Д. Козлов — Нет. За исключением, может быть, «Рюрика». Он был заказан еще до Русско-японской войны. Три крейсера типа «Баян» — корабли, построенные по слегка усовершенствованному французскому проекту «Баяна» же первого, который пал в Порт-Артуре. И два линкора тоже достраивались еще по схеме, заложенной в предыдущую кораблестроительную додредноутную эпоху. Они достраивались как раз еще до того момента, когда произошел коренной пересмотр всей идеологии военно-морского строительства. Они достраивались для того, чтобы занять заказами самостоятельные предприятия, чтобы обеспечить социальную стабильность, чтобы рабочие получали зарплату.

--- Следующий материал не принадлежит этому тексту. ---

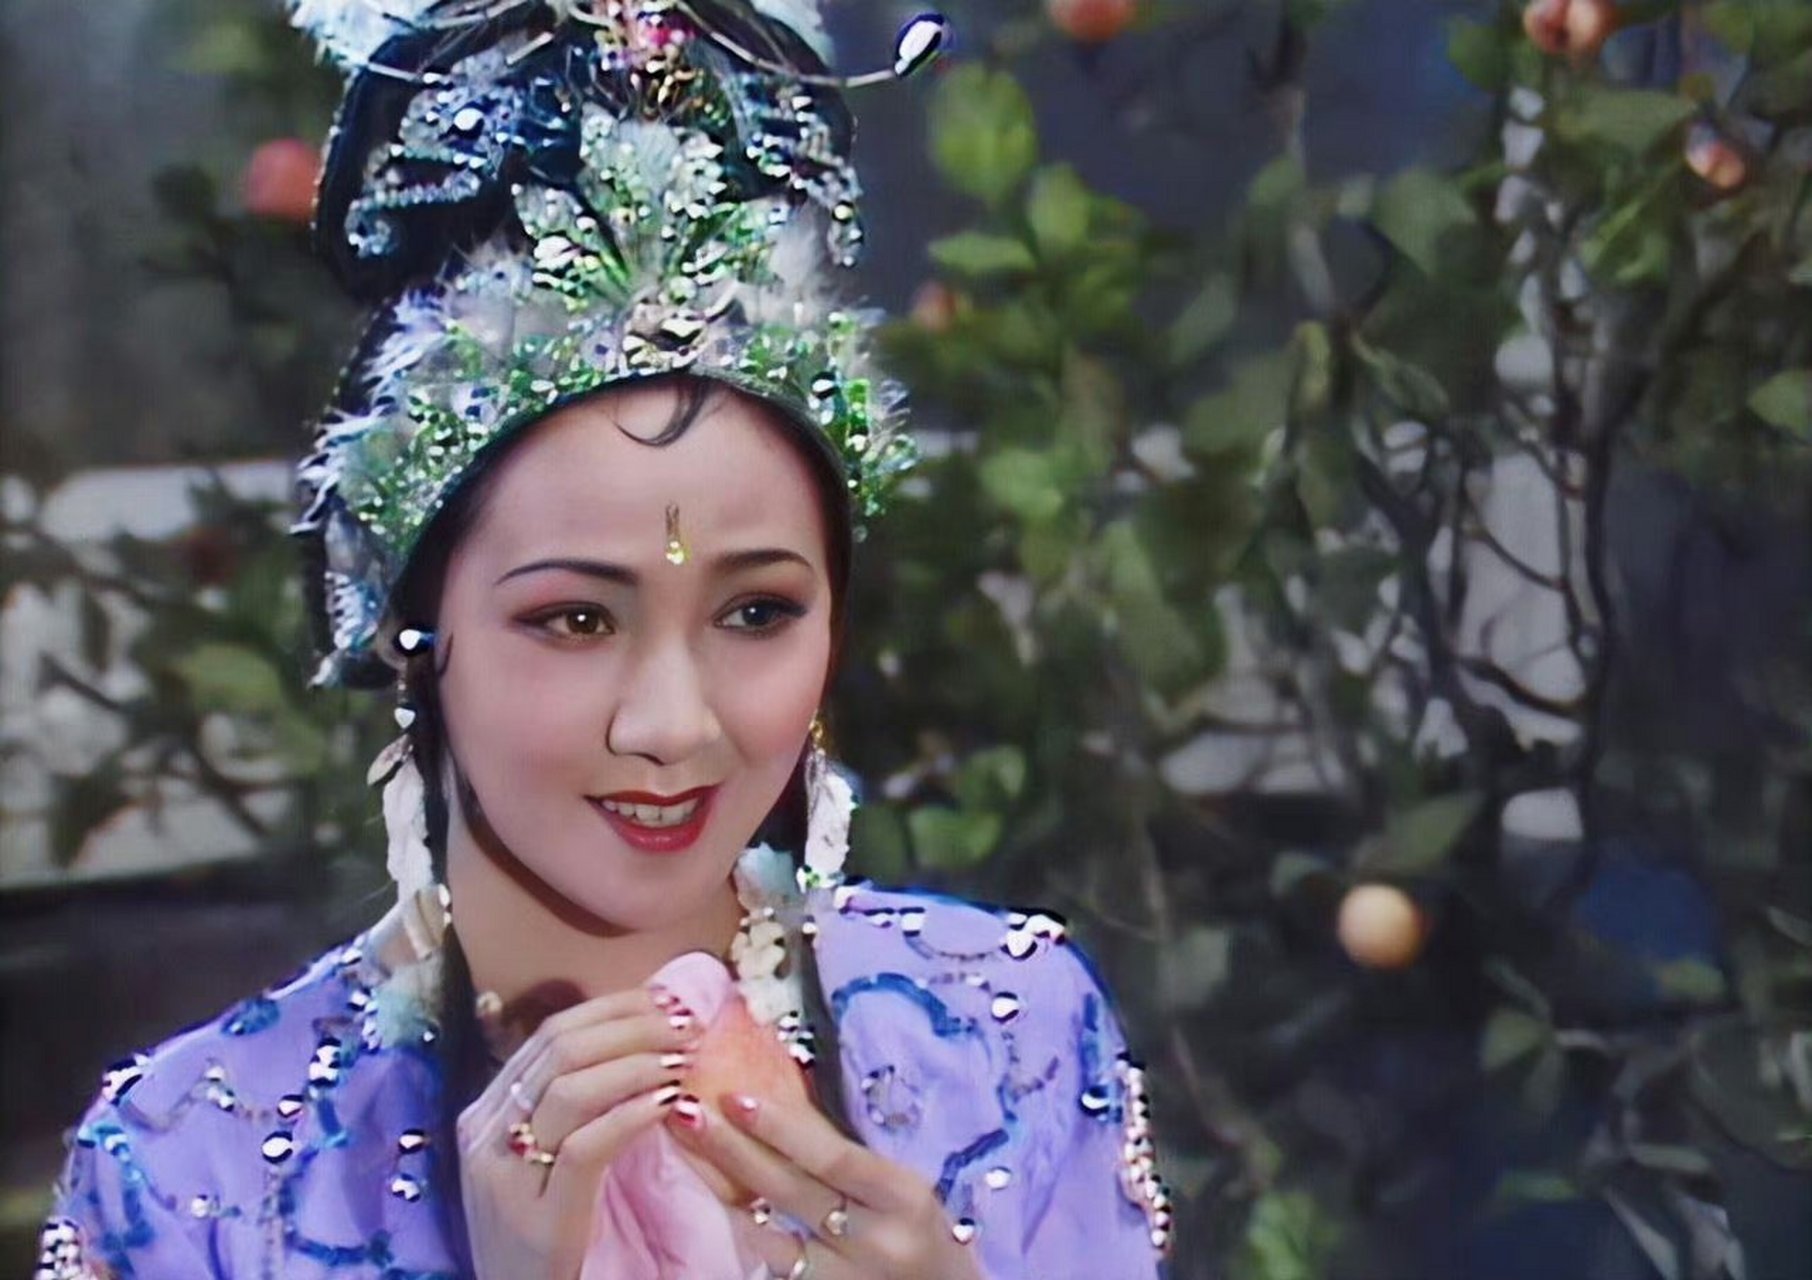 86版《西游记》高清剧照美女系列

М. Соколов — И не бастовали.
Д. Козлов — Да. В том числе и поэтому. Вот с этой точки зрения абсолютно верно, но целесообразности военной, уровня тогдашнего кораблестроения в этих кораблях не было. Хотя они по мере сил успешно воевали в Первой мировой войне и некоторые даже дальше.
М. Соколов — А с подводными лодками?
Д. Козлов — А затем уже когда все-таки Морской генеральный штаб смог обосновать и добиться проведения, собственно, программ уже кораблестроения. Условно делим их на малую и большую традиционно. Хотя они имеют более сложное подразделение. Конечно, они были неидеальны, и лодки эти типа «Барс» и «Морж», о которых пишут слушатели, конечно, имели очень крупные изъяны. И не только во время погружения. Об этом можно много говорить, но они, тем не менее, были построены и воевали успешно в Первой мировой войне, хотя и не с самого начала. Некоторые даже в 20-30 годы продолжали службу.
М. Соколов — Вот еще тут замечание: «Не купили дредноуты в Англии и заказали крейсера в Германии». Действительно, пара крейсеров, строившихся, была конфискована немцами после начала войны. Но с другой стороны, я тут когда... Меня это заинтересовало, я посмотрел и обнаружил в одном из источников такой текст, что начальник Морского генерального штаба подал доклад министру, в котором уведомил, что российские судостроительные предприятия просили за новые корабли такие суммы, за которые за рубежом можно было выстроить флот на 50 % больше по тоннажу, лучше по качеству, быстрее по времени. То есть, видимо, приходилось искать какие-то варианты, чтоб что-то быстро сделать заграницей все-таки. Судостроительная промышленность не справлялась.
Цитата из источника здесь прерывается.